Pre-Conference Activities

Among the thousands of questions that need to be answered before astronauts travel to distant planets and asteroids are questions related to the astronauts themselves. How much food will they need and what foods can they take? Fortunately, both water and air can be recycled; where food is another matter. Every bit of food needed will have to be packed on board. Through this series of lessons, your students will gain a better understanding of what it takes to prepare and package food for a long space voyage.

Click on the links below to download the following activity and videos to use with your class as pre-conference activities:

•     Activity – “Always Wash Your End Effector”     

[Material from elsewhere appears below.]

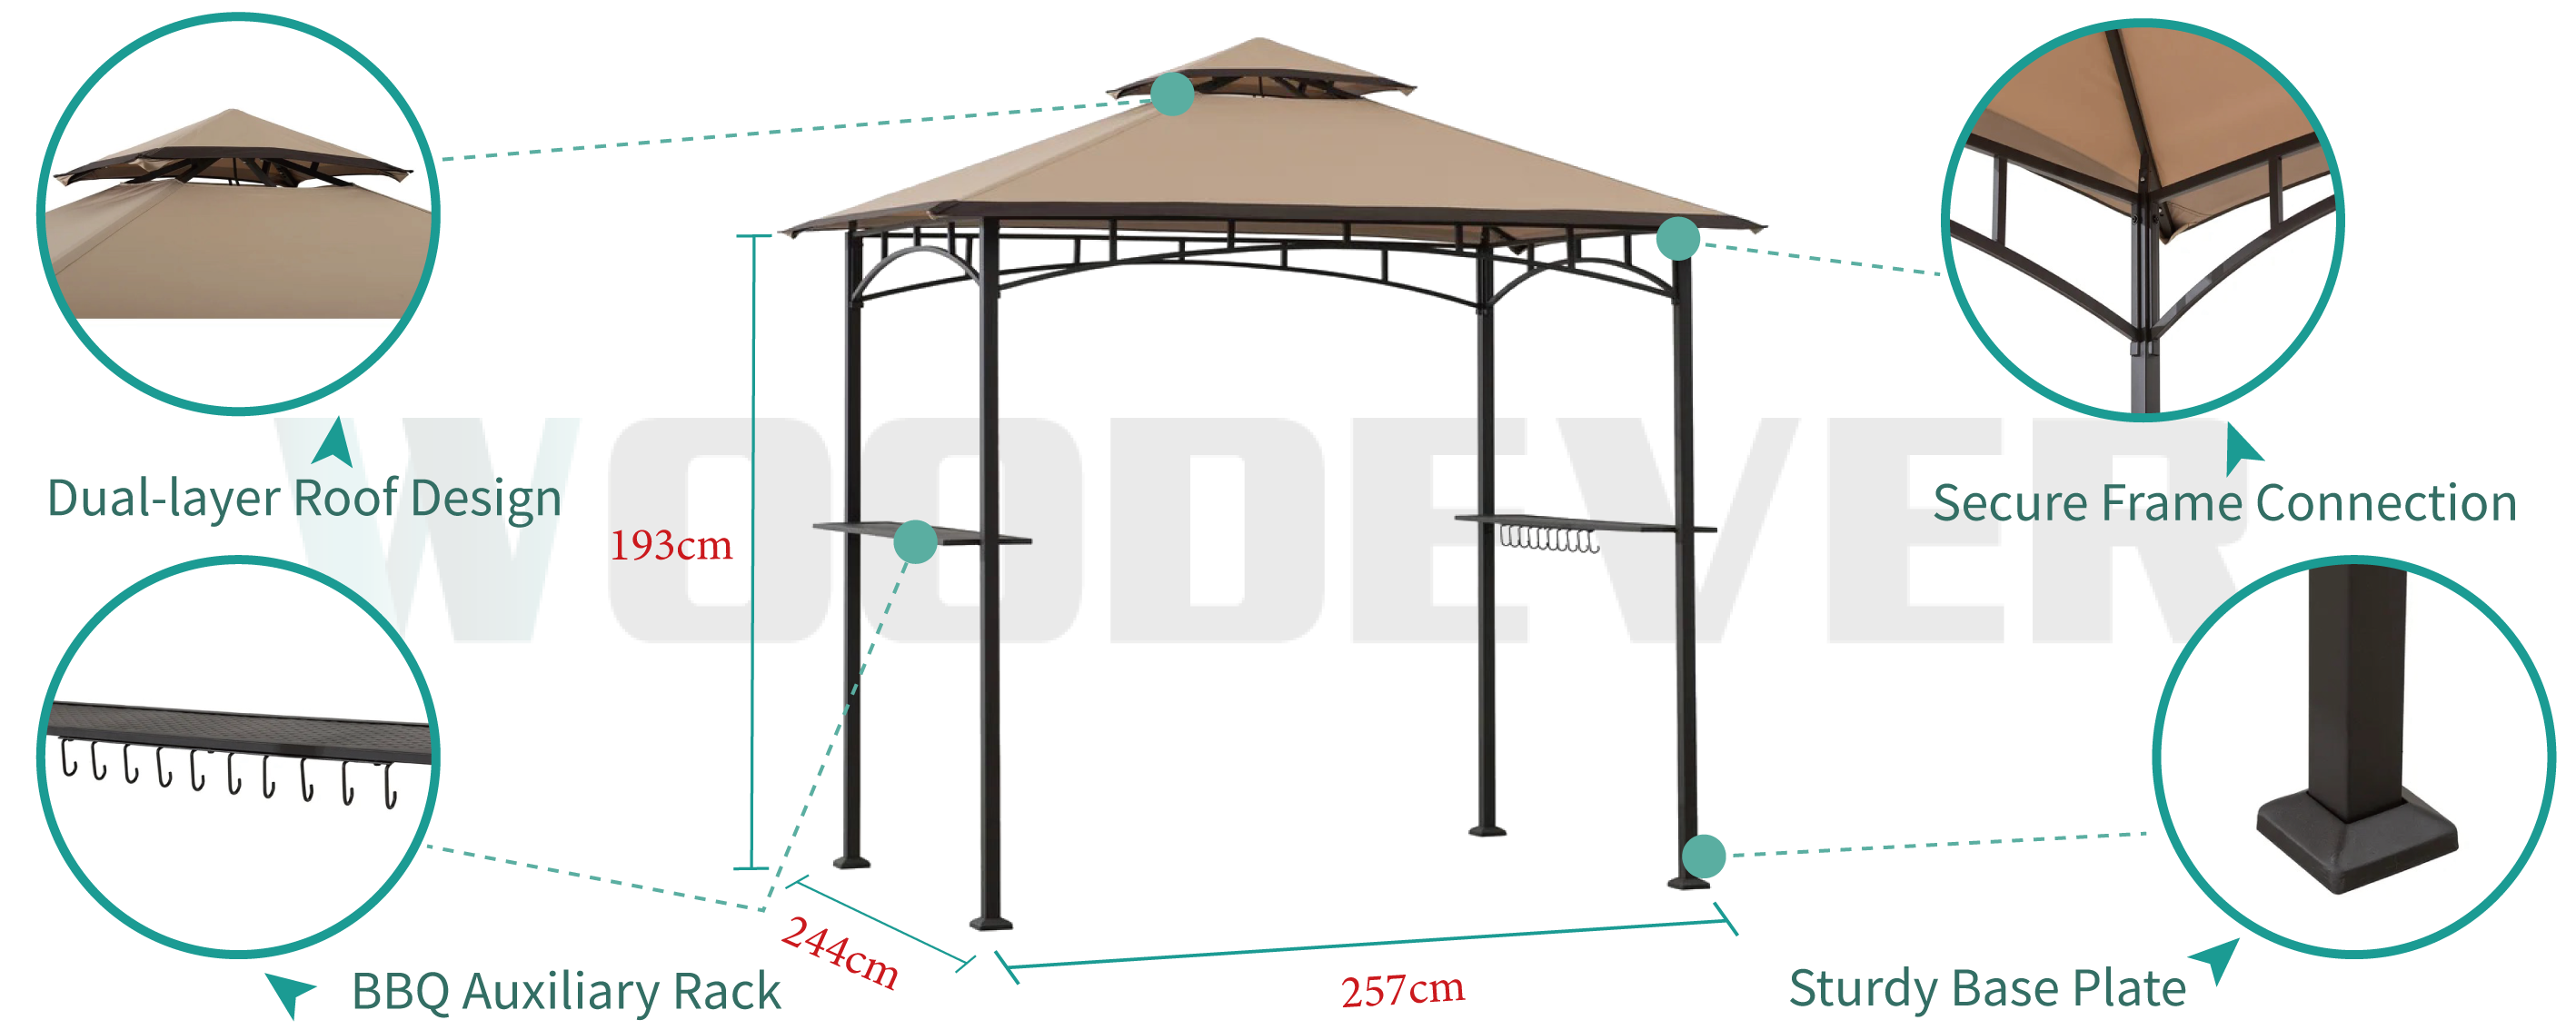 مظلة شواء خارجية معدنية من WOODEVER بتصميم سقف مزدوج، تهوية بزاوية 360 درجة، مع رفوف معدنية وخطافات لزيادة تجربة الاستخدام في الهواء الطلق.
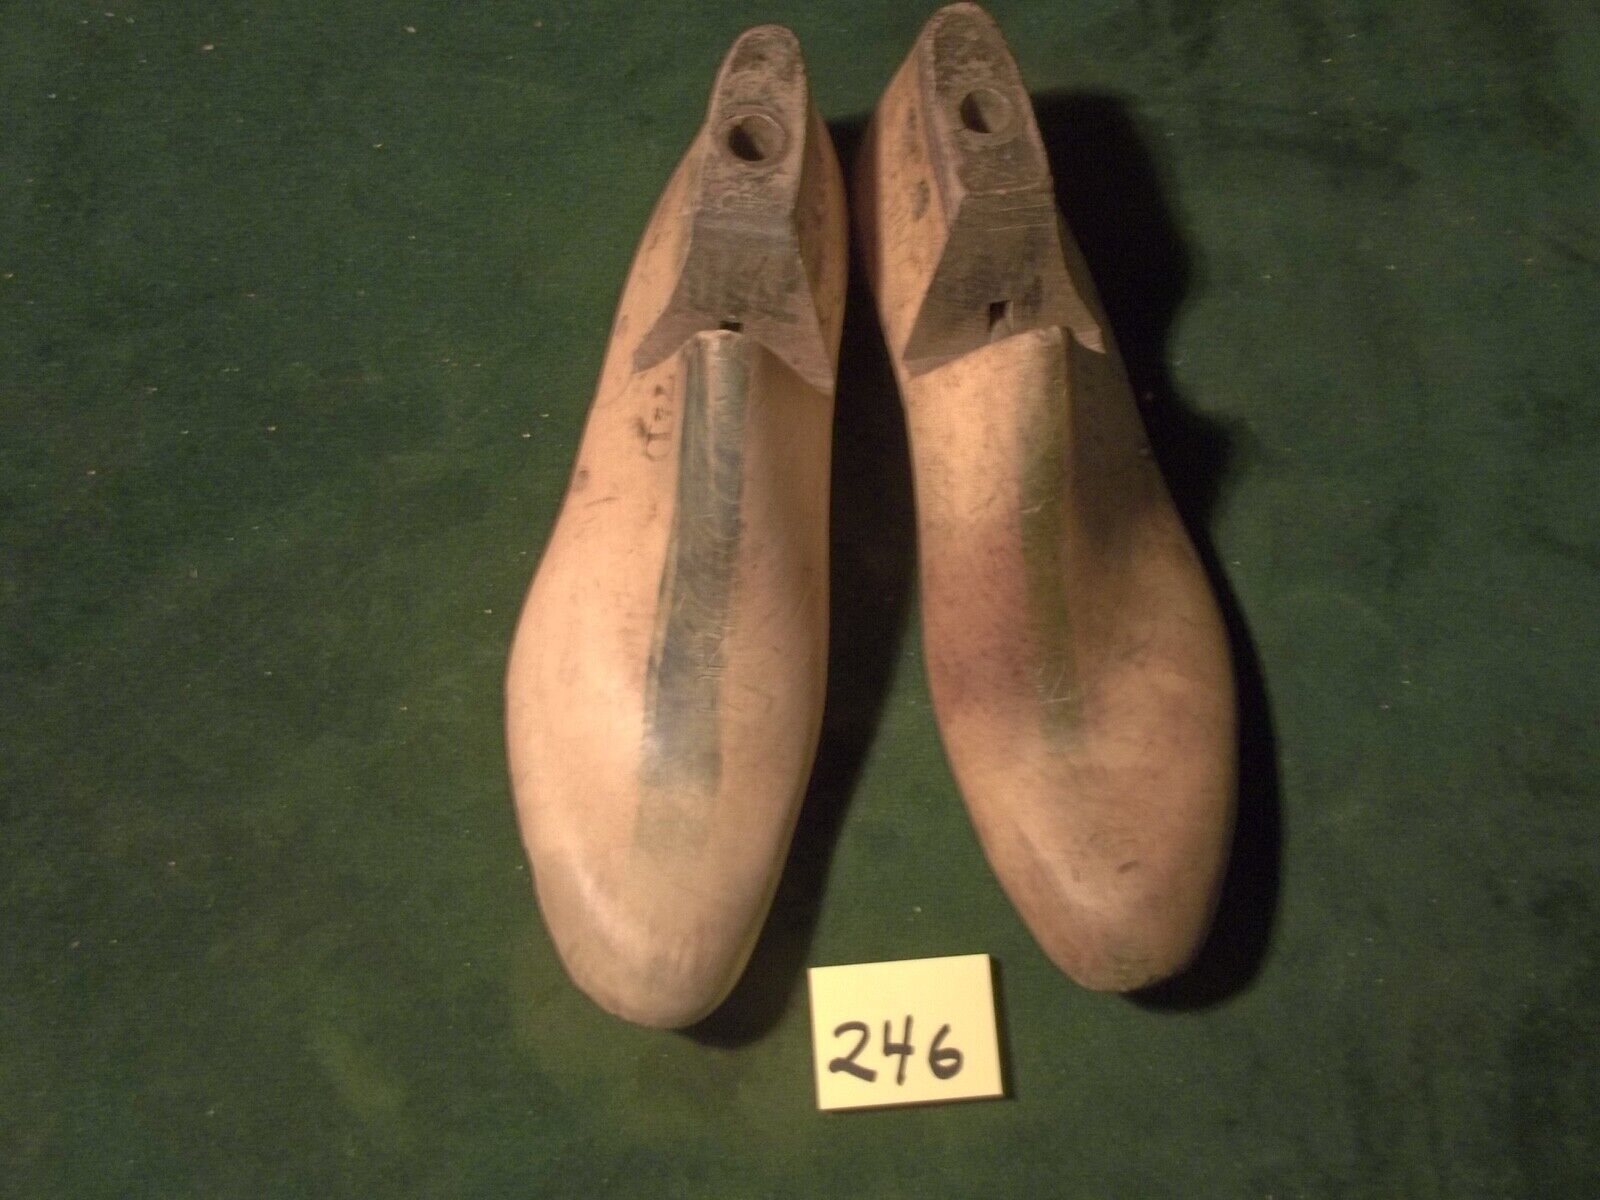 Vintage Pair 1942 US NAVY Size 7-1/2 D UNITED Brockton Factory Shoe Lasts #246

•     Video 1 – Nutrition on the Space Station     

•     Video 2 – Eating on the Space Station     


Videoconference Activities

During the event, students will estimate serving sizes of different foods and compare the student's estimates to serving size information provided on “Nutrition Facts” food labels. 

For the program you will need the following materials: Three food items e.g. loose M & Ms, dry breakfast cereal, popped popcorn, calculators, paper plates, 2 cup measuring cup and optional scalesThe teacher may Substitute Food Items in case of food allergies. If you do not have scales or measuring cups, you can have students count the individual items.  You will also need to divide your students into small groups.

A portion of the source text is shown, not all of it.